Tout commence en Chine, le jour de son arrestation. So Young rejoint une étude biblique pour femmes nord-coréennes, sans savoir que celles-ci ont toutes été arrêtées la veille. «Quand j’ai ouvert la porte, quelqu’un m’a attrapé les mains: c’était un policier. J’étais sous le choc, paralysée.» So Young est incarcérée pendant une semaine, et soumise à des interrogatoires: pourquoi est-elle venue en Chine? Est-elle mariée? Pourquoi voulait-elle participer à une étude biblique?

So Young, qui connaît le sort réservé aux chrétiens en Corée du Nord, nie tout en bloc. Alors qu’elle est mariée à un chrétien, et mère d’un enfant, elle préfère les protéger et ne pas révéler leur existence. Elle affirme donc qu’elle est célibataire, qu’elle est juste venue rendre visite à une amie et qu’elle n’a jamais entendu parler d’études bibliques.

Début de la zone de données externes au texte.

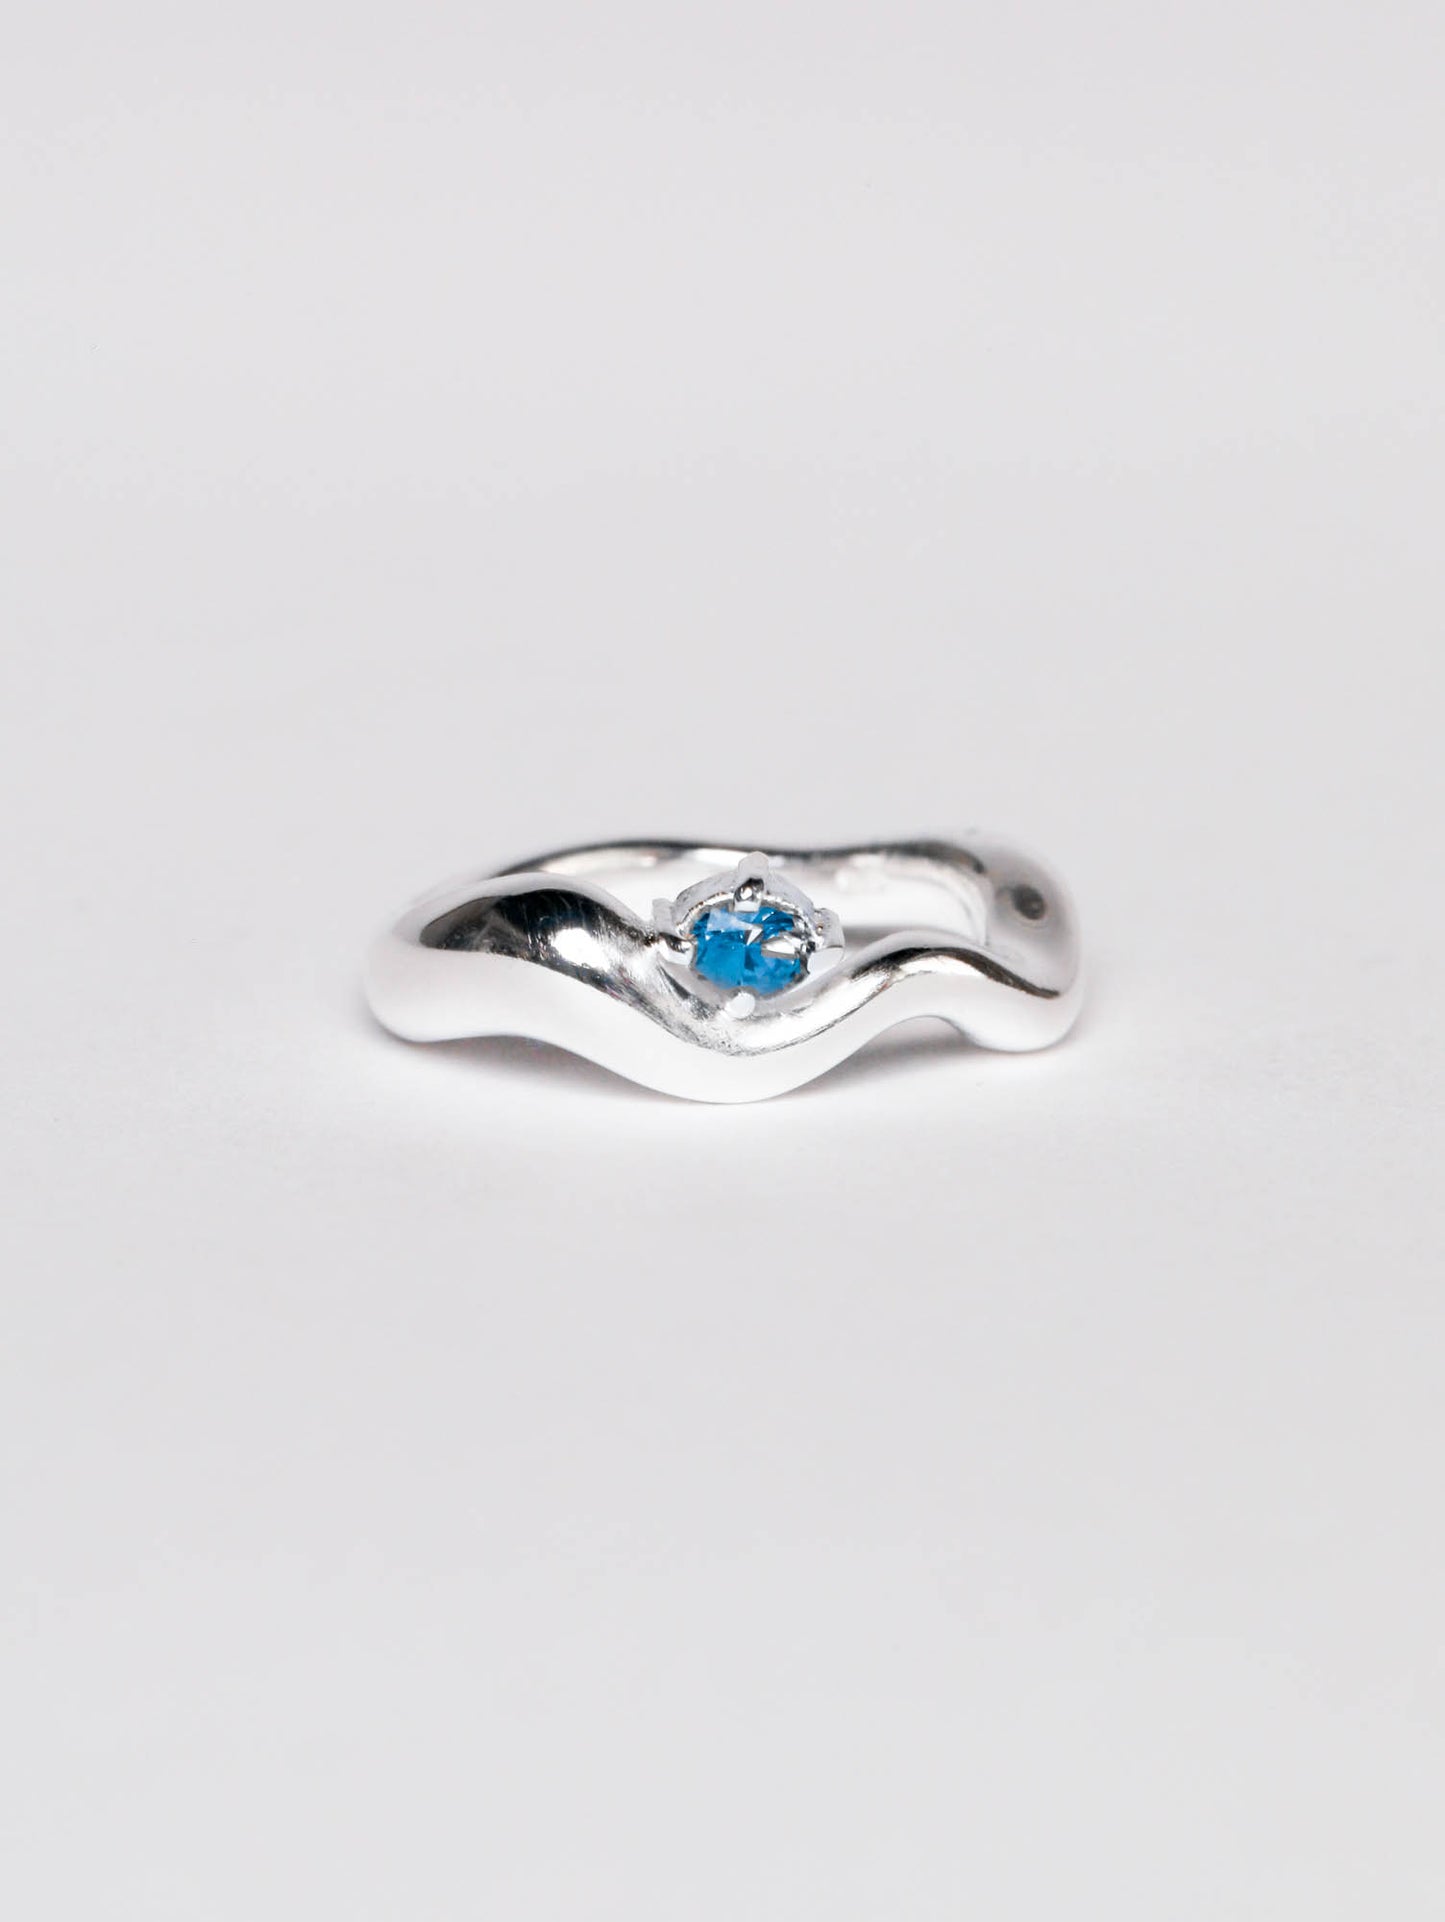 Wave Ring Silver with single Sapphire Stone # 2 | Size 6.5

Comme les policiers ne peuvent rien prouver d’autre, ils referment le dossier et… la renvoient en Corée du Nord.

Réfugiés ou immigrés clandestins?

À ce stade, si So Young avait eu la possibilité de fuir dans un autre pays, elle aurait pu y demander l’asile politique. En effet, l’article 14 de la déclaration universelles des Droits de l’Homme garantit à toute personne la possibilité de demander l’asile. La Chine étant signataire de cette déclaration, elle devrait donc reconnaître le statut de réfugié politique aux personnes fuyant la Corée du Nord. Mais tel n’est pas le cas. «La Chine ne les considère pas comme des réfugiés qui ont besoin de protection, explique Simon Lee, coordinateur du ministère de Portes Ouvertes en Corée du Nord, mais comme des immigrés clandestins qui doivent être renvoyés chez eux.»

Cinq ans de travaux forcés

So Young est donc menottée et transportée jusqu’à un pont à la frontière, où des policiers nord-coréens l’attendent. Lors de son interrogatoire par l’Agence secrète de sécurité (ASS), elle affirme qu’elle est partie en Chine pour gagner de l’argent. Comme les autorités ne soupçonnent pas sa foi chrétienne, elle est condamnée à «seulement» cinq ans de travaux forcés dans un bagne! Si sa foi avait été découverte, elle aurait été condamnée à la même peine mais... à perpétuité.

Les conditions de vie dans le camp sont terribles et comptent plusieurs heures de «rééducation idéologique» tous les soirs. So Young se souvient:

«Nous dormions à même le sol, sans couverture. On nous forçait à rester deux à trois heures par jour sous la pluie.»

La plupart des détenues travaillant à la mine n’avaient que quelques mois d’espérance de vie. So Young a eu la chance d’être affectée à la fabrication de perruques, ce qui lui donnait plus de chance de survie.

Retrouvailles familiales

Au bout de cinq ans, So Young a été relâchée, et elle s’est de nouveau enfuie en Chine, où elle a pu retrouver son mari et son fils. Ensemble, ils ont réussi à trouver refuge en Corée du Sud. Aujourd’hui, ils vont bien. Mais leur histoire aurait pu être si différente si la Chine reconnaissait le statut de réfugiés aux exilés nord-coréens.